I have the following records:

id  run_hour               performance_hour      value
2  "2017-06-25 09:00:00"  "2017-06-25 07:00:00"    6
2  "2017-06-25 09:00:00"  "2017-06-25 08:00:00"    5
1  "2017-06-25 09:00:00"  "2017-06-25 08:00:00"    5
2  "2017-06-25 08:00:00"  "2017-06-25 07:00:00"    5
1  "2017-06-25 08:00:00"  "2017-06-25 07:00:00"    5

We run every hour to look at the result of each id for current hour and previous hours.

Only if there was a change from previous hour run we insert a new reocrd (we don't want to overwrite the value because we want to measure the value if looked after 1 hour, or 2 hours etc.

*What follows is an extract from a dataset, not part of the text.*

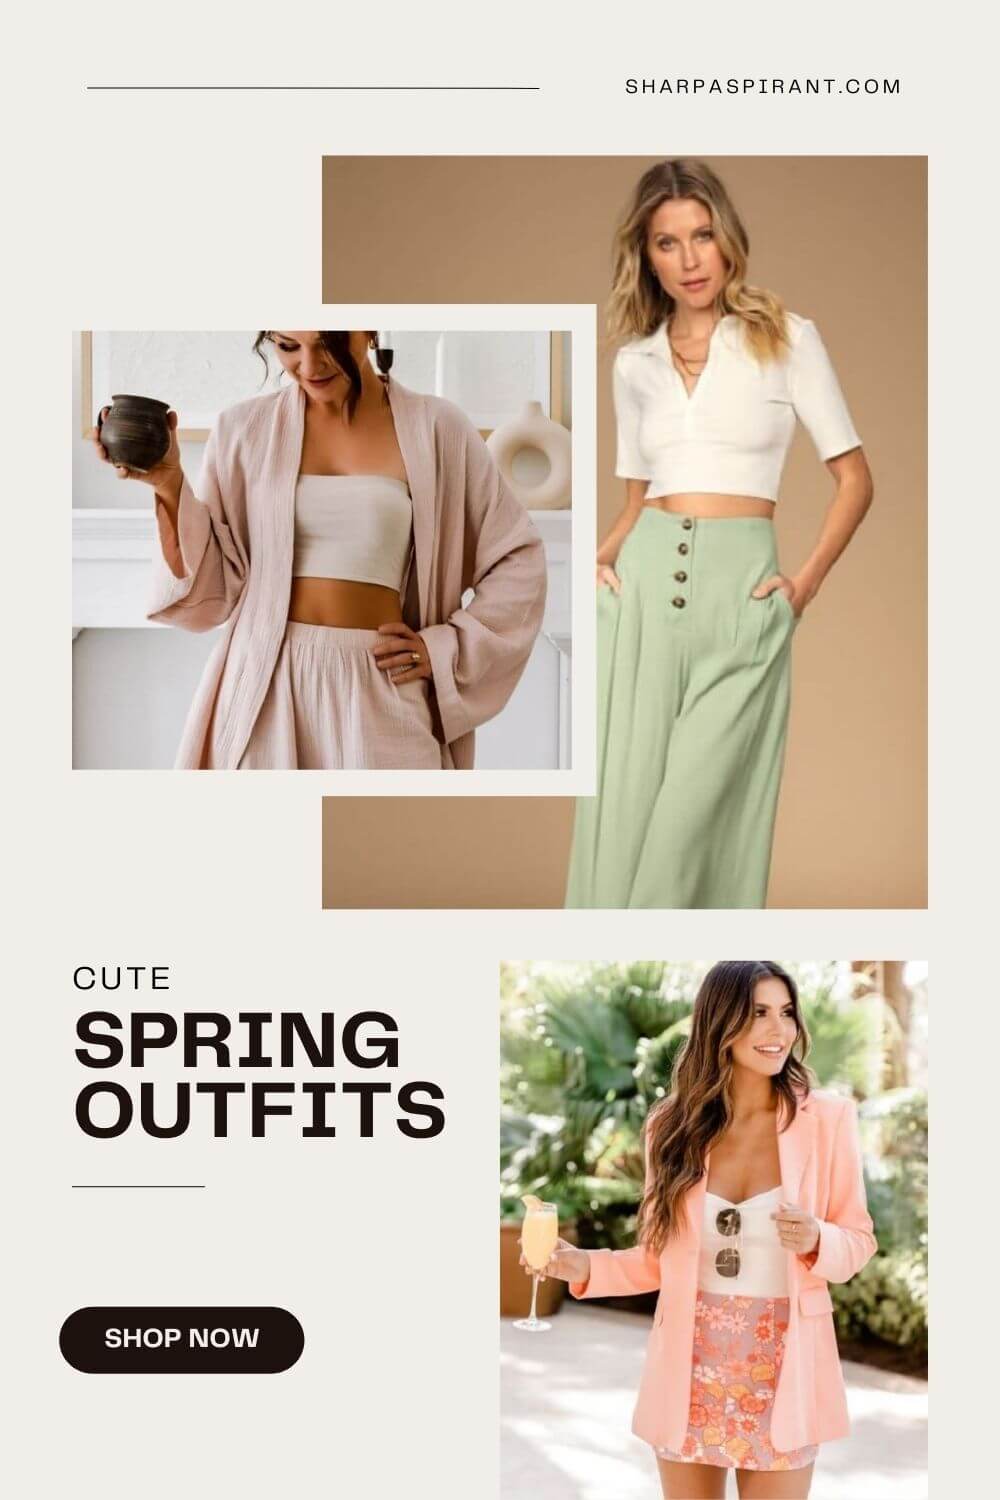 Get inspired with cute spring outfits perfect for any occasion. From jumpsuits to midi skirts, update your wardrobe with fresh ideas.

I would like to sum for each id in the latest available value (sort by run_hour) - the values.

In the above example, ad 1 for run 9:00 and performance hour of 7:00 doesn't have a record - because it was the same as the run of 8:00 and performance hour of 7:00

In the above example, if I ask for sum of values of run 2017-06-25 09:00:00 I would expect to get:

id, value
1   10
2   11

for id 1, it's 10 calculated: (run_hour<2017-06-25 08:00:00> + run_hour<2017-06-25 09:00:00>) and for id 2, it's 11 calculated: (run_hour<2017-06-25 09:00:00> + run_hour<2017-06-25 09:00:00>) I wrote the following query:

select distinct on (id, run_hour) id, sum(value) from metrics where  run_hour <= '2017-06-25 09:00' and performance_hour >= '2017-06-25 07:00' and  performance_hour < '2017-06-25 09:00'
group by id
order by id, run_hour

However I get an error that also run_hour has to be in the GROUP BY clause. - but if I add it I get incorrect data - also data for previous hours which I don't need - I need the latest hour that had data.

How can I use "distinct on" with group by?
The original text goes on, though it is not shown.